Note: support to encode\decode JPEG-LS streams with RST markers is part of the ISO standard, but not implemented by CharLS (never requested). -
Use another more recent JPEG algorithm. These new algorithms are designed to leverage the capabilities of modern hardware.
- JPEG XS: released in 2018 and designed for visual lossless encoding of video streams.
- JPEG XL: replacement for the “classic” JPEG algorithm provides a lossless mode. File format is stable, but docs are not yet released as an official ISO standard. Free open-source implementation is available.

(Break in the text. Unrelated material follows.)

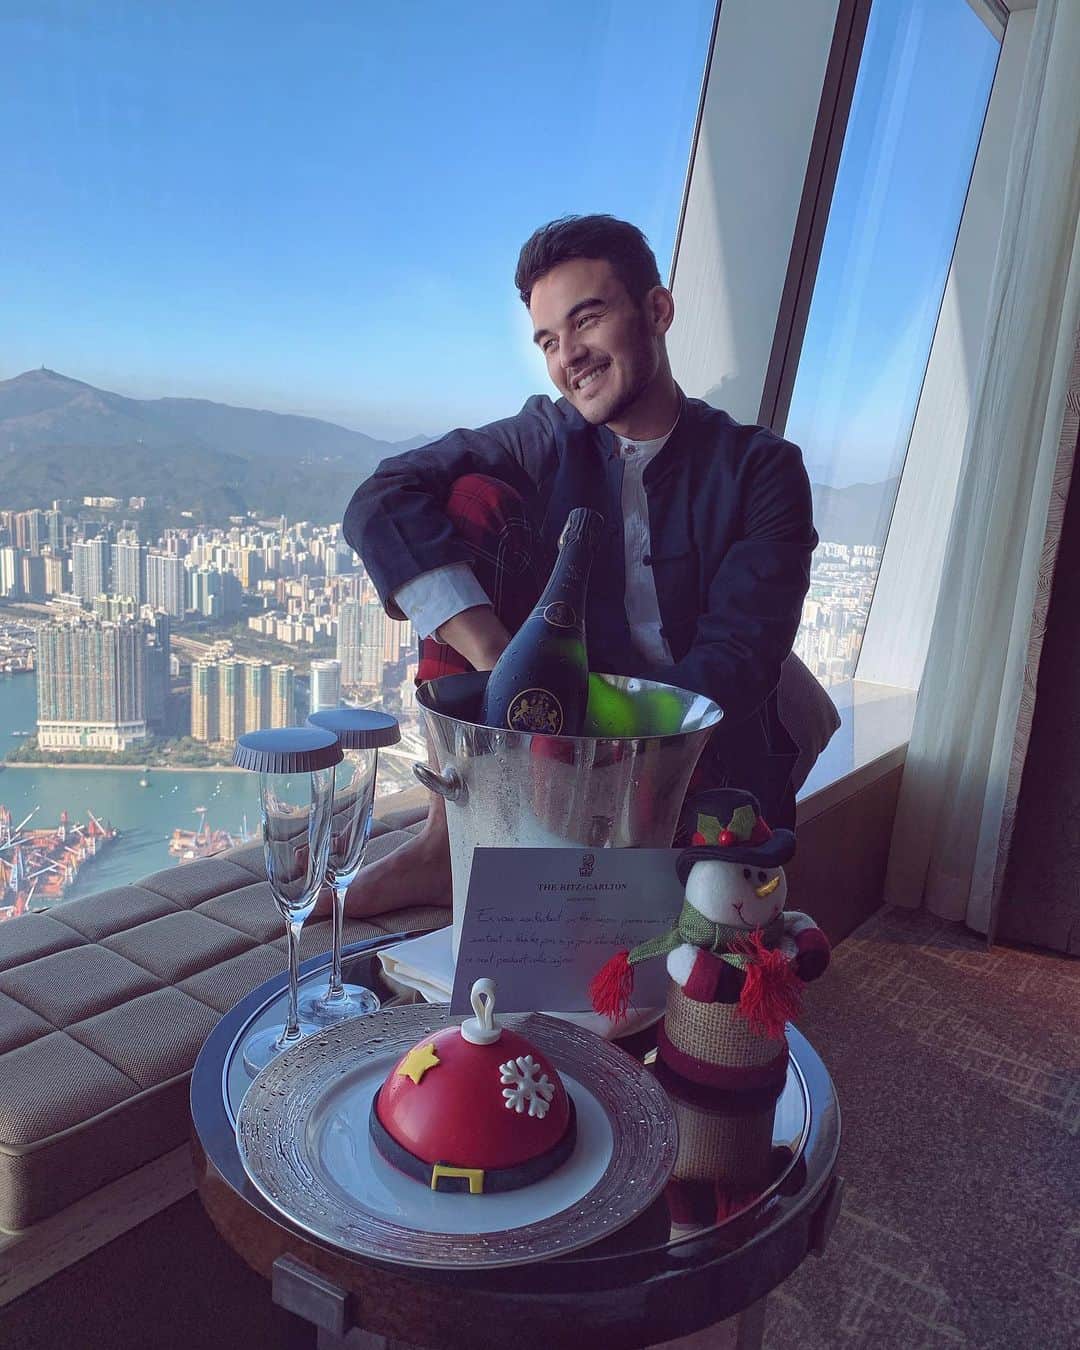 Kam Wai Suenのインスタグラム：「Lovely Christmas present from babe 🎄🎅🏻 Nice room on the 111th floor with an unobstructed view of our beautiful city Hong Kong and a top-notch service from the team of @ritzcarltonhongkong  #ritz #ritzcarltonhongkong #ritzcarltonhk #christmasdecor #christmasgifts #christmasstaycation #staycationhk #christmascake #christmascookies #lifestyleblogger #hkkol #hkinfluencer」

jpeg.org has more info about these algorithms.
Notes:
- JPEG-LS color images (RGB) could be encoded\decoded with 3 threads at the same time.
- Jpeg-LS part 2 defines a reversible color space conversion. This would be a good example of an algorithm that could be executed on a GPU.
- The default build of CharLS targets a “common” x86\x64 CPU. If the hardware is known, some additional compiler optimizations can be enabled.
Thanks very much. In a pinch, your suggestion #2 would work for us. Although, it might be easier to split the original image horizontally (i.e. 10 images of 5320 x 460 instead of 532x4600).
JPEG XS sounds very interesting, and may be more what we need. I did a quick search, and could not find a reference C++ implementation that I could easily compile. If you know of one, can you provide a link?
Again, thanks very much.
The ISO organization sells reference software (ISO/IEC 21122-5), I don't know how usable that reference software is.
There are patents involved with JPEX-XS (www.jpegxs.com), which makes creating an open source implementation difficult. The companies behind JPEG-XS also have SDKs, perhaps they offer an evaluation version.